**Exercise instructions:**
When you write out the listing below, keep each word exactly as it stands and drop the pictures.

**Recorded information:**
BEGIN

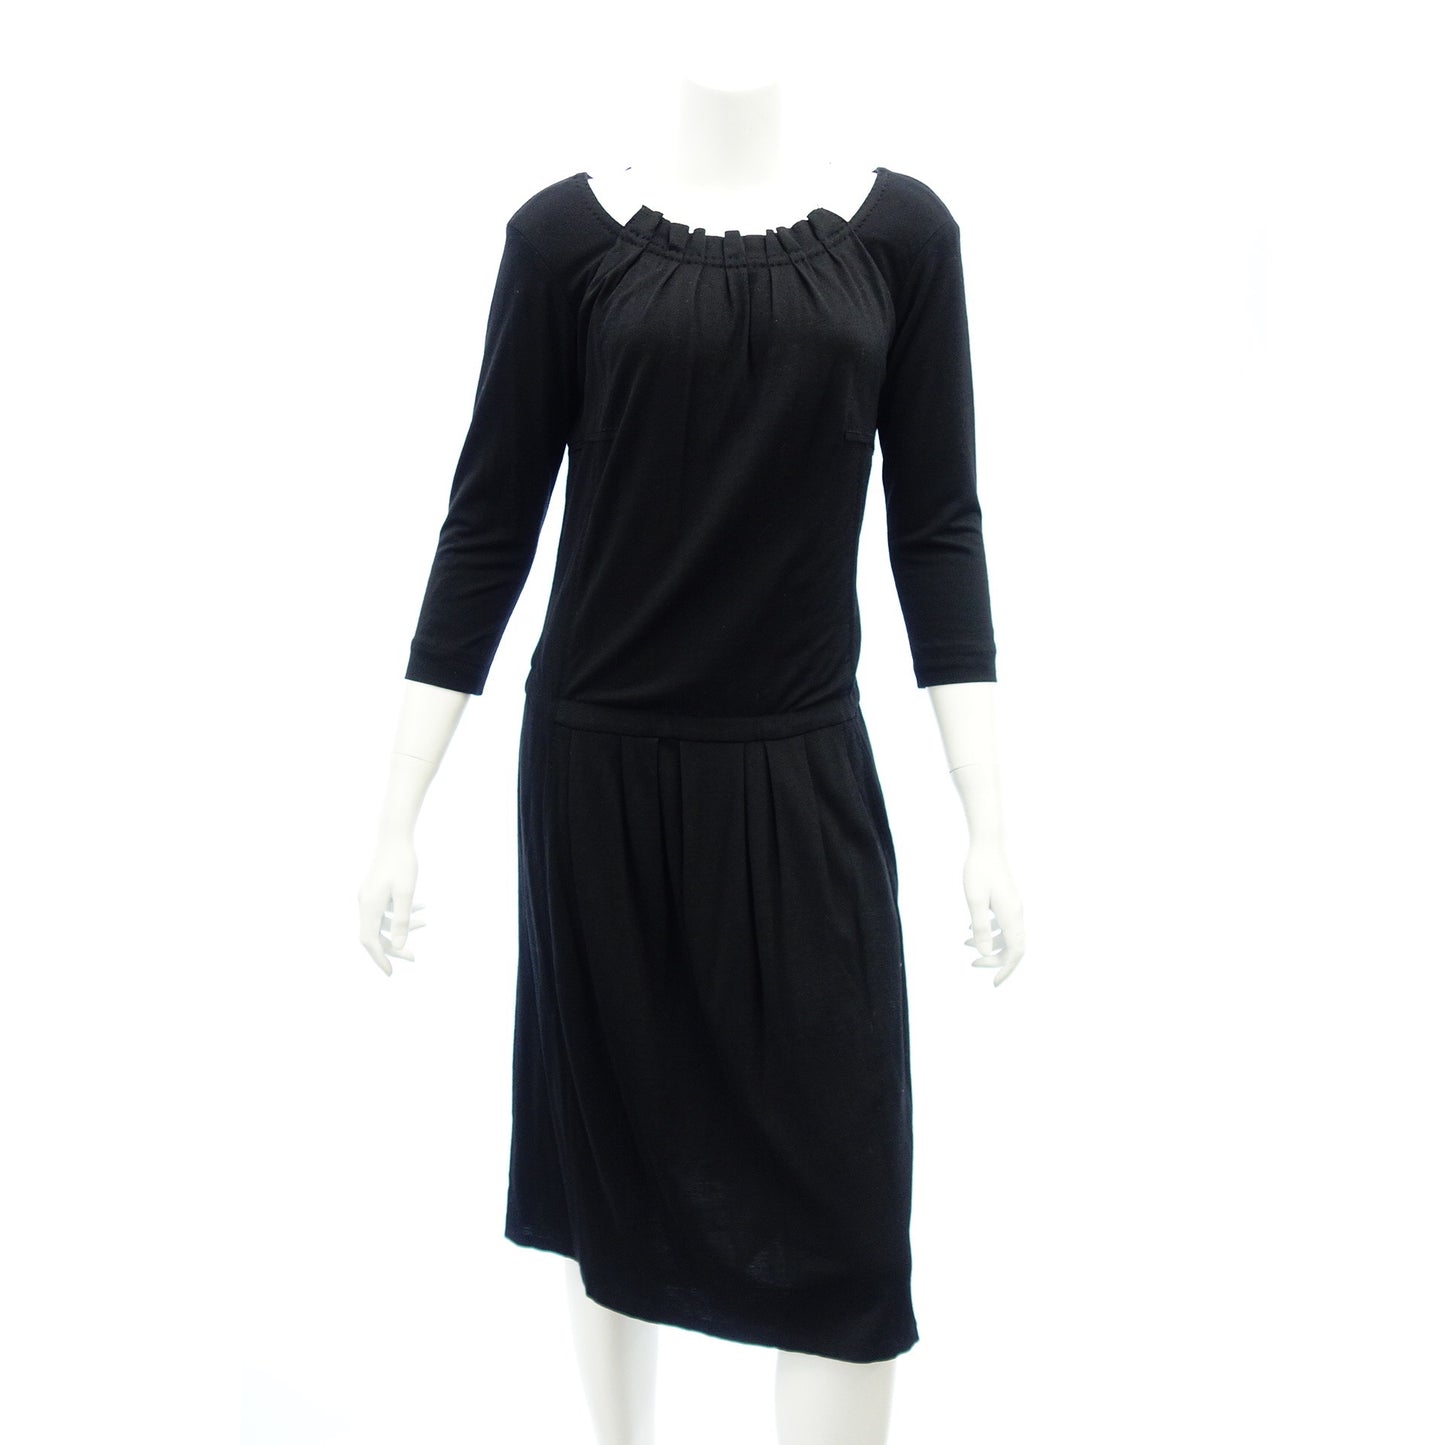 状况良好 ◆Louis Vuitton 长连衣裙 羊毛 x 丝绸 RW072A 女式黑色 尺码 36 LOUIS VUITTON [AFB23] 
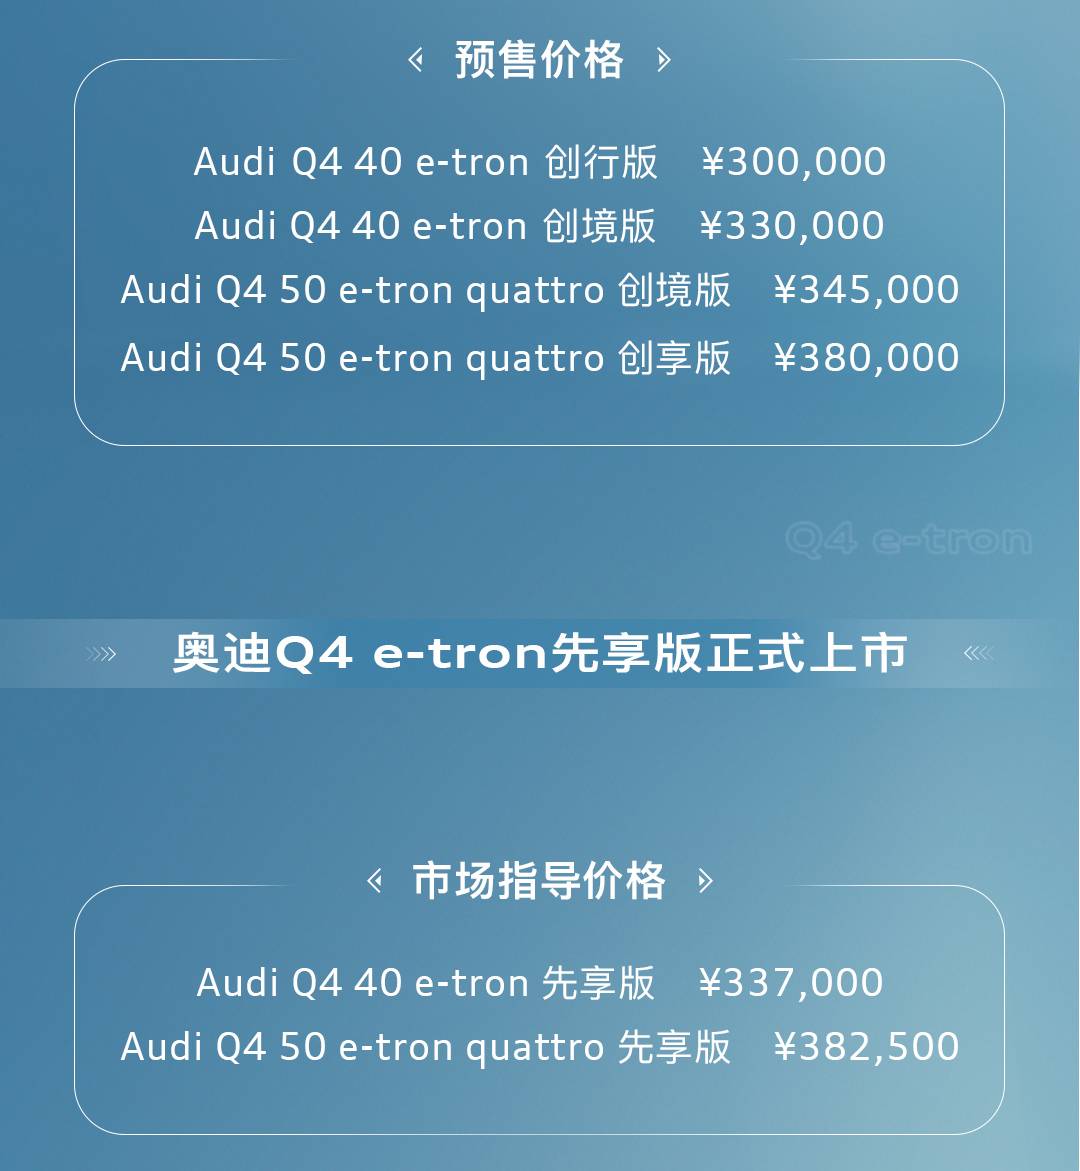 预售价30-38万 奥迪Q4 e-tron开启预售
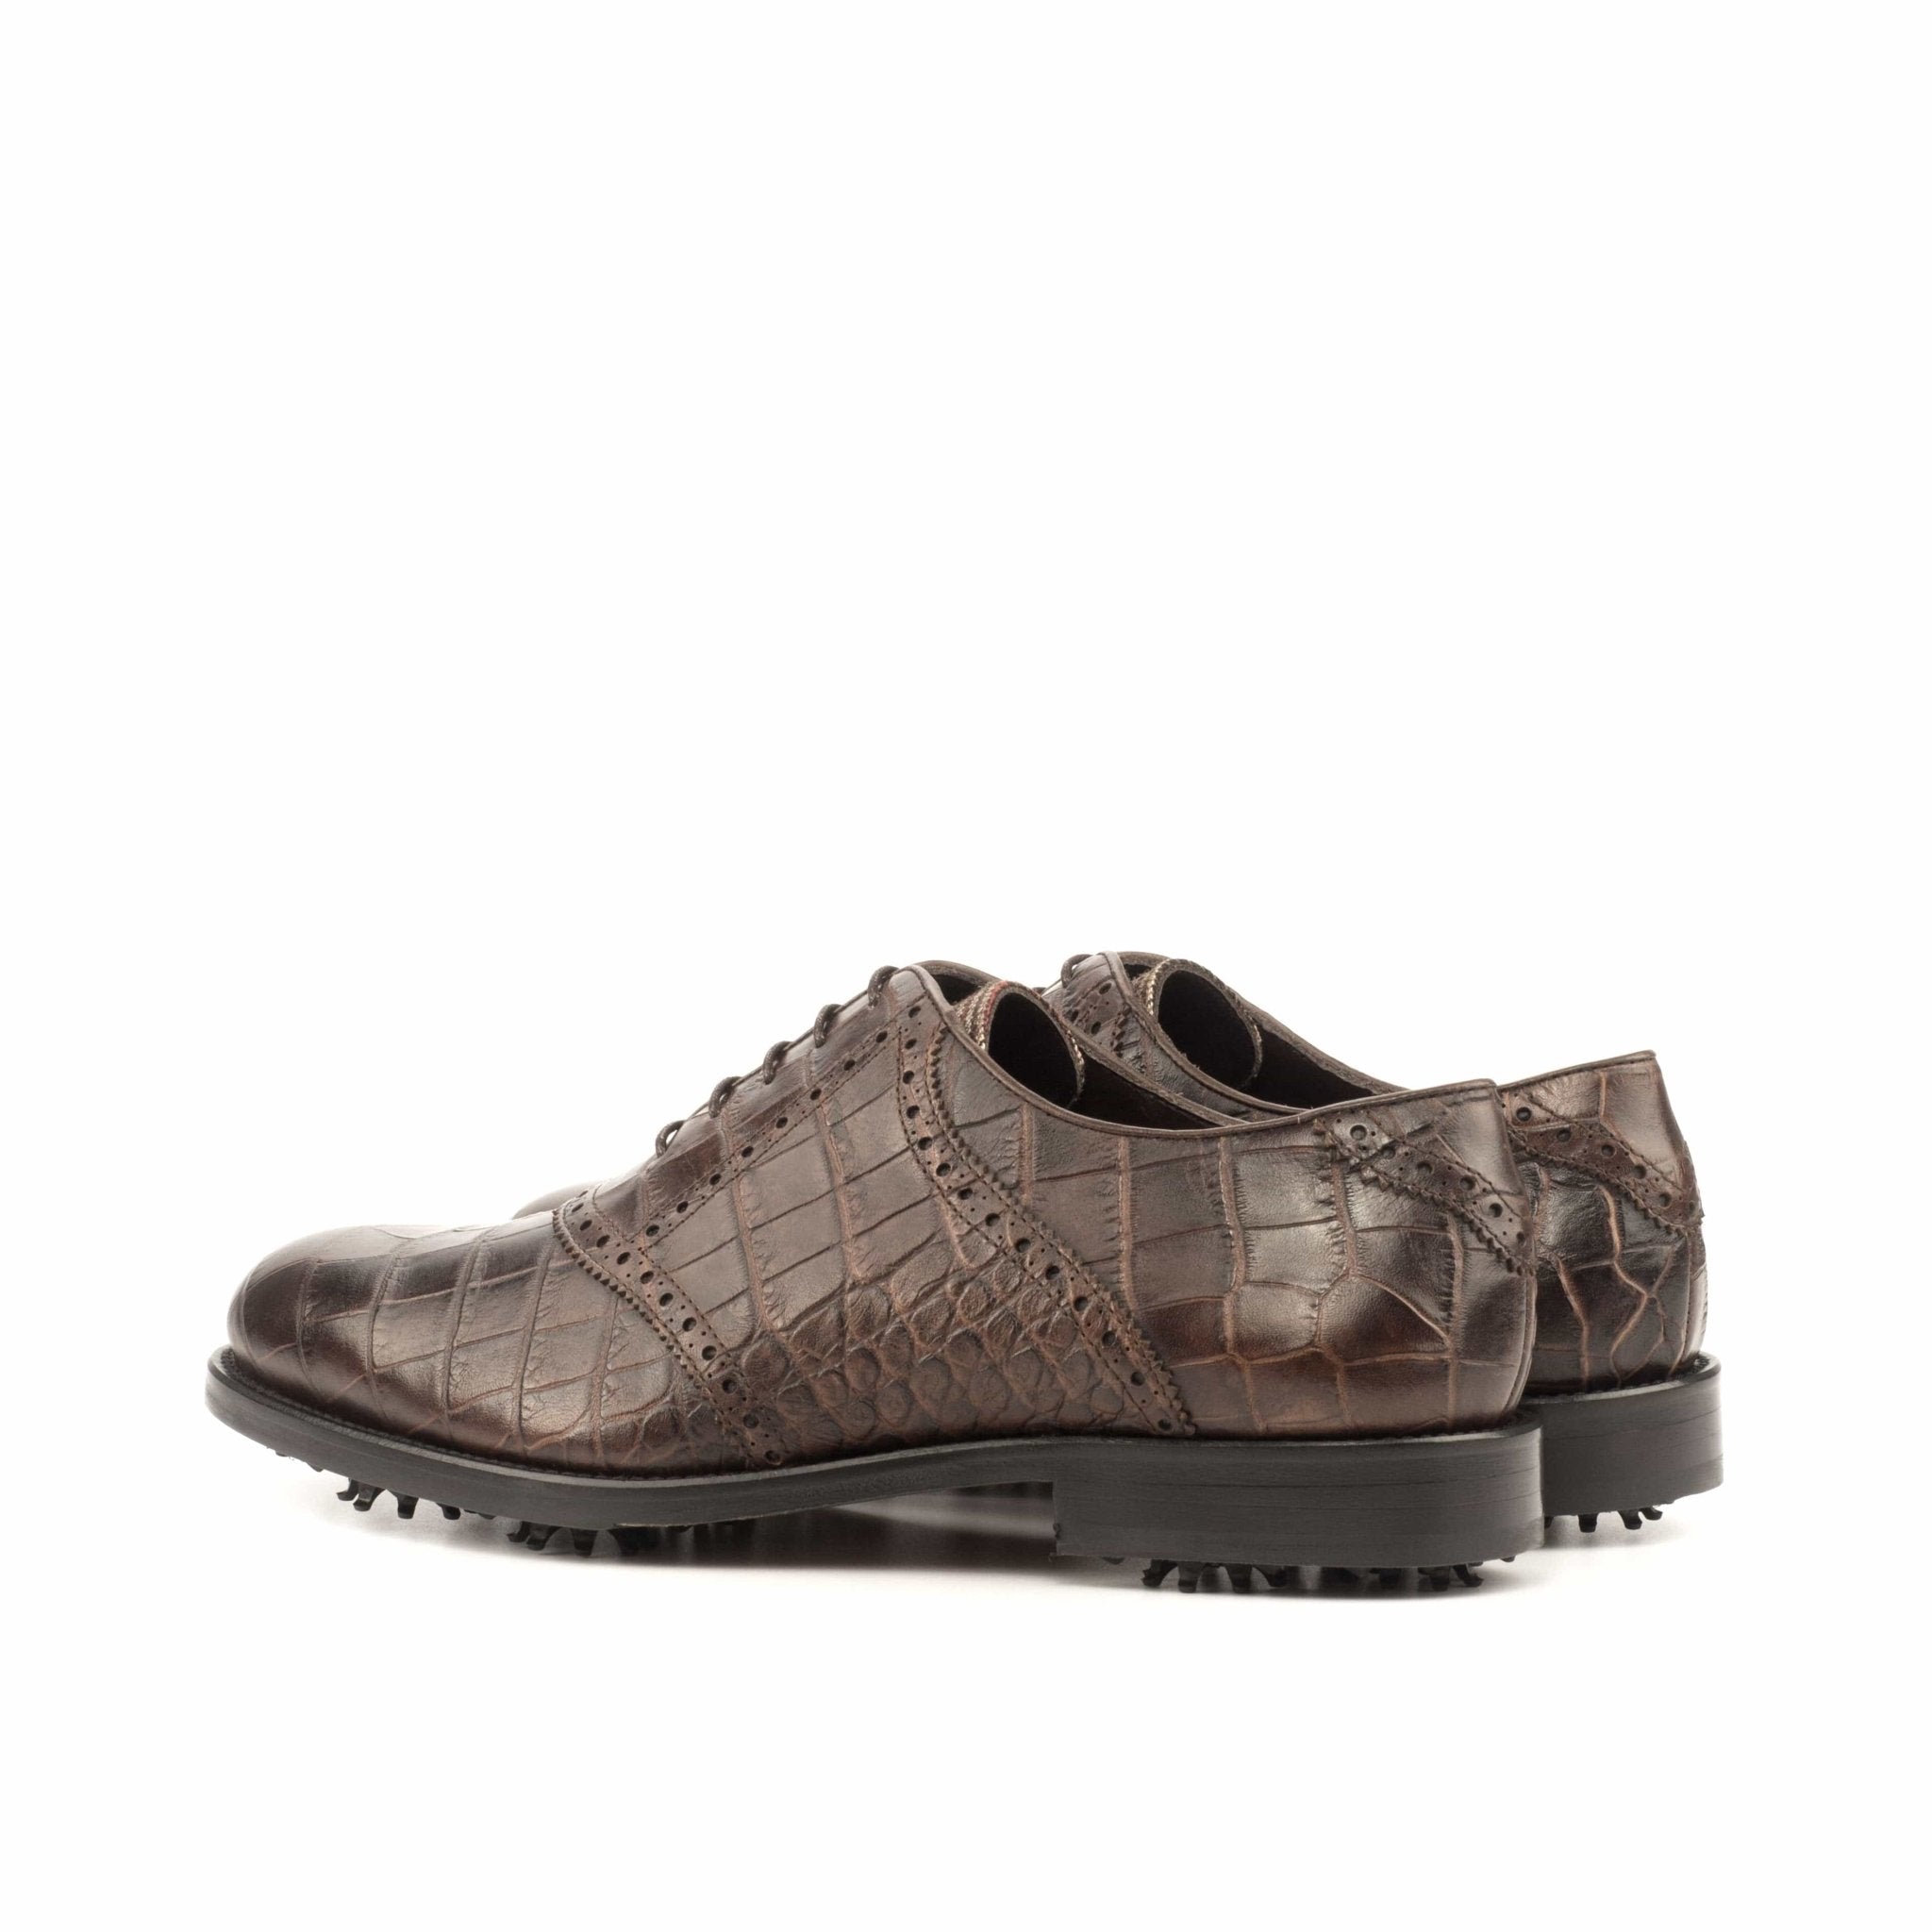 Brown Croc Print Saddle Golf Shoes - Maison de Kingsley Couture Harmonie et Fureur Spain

END

**Solved problem:**
 状况良好 ◆Louis Vuitton 长连衣裙 羊毛 x 丝绸 RW072A 女式黑色 尺码 36 LOUIS VUITTON [AFB23] 
 预售价30-38万 奥迪Q4 e-tron开启预售
 Brown Croc Print Saddle Golf Shoes - Maison de Kingsley Couture Harmonie et Fureur Spain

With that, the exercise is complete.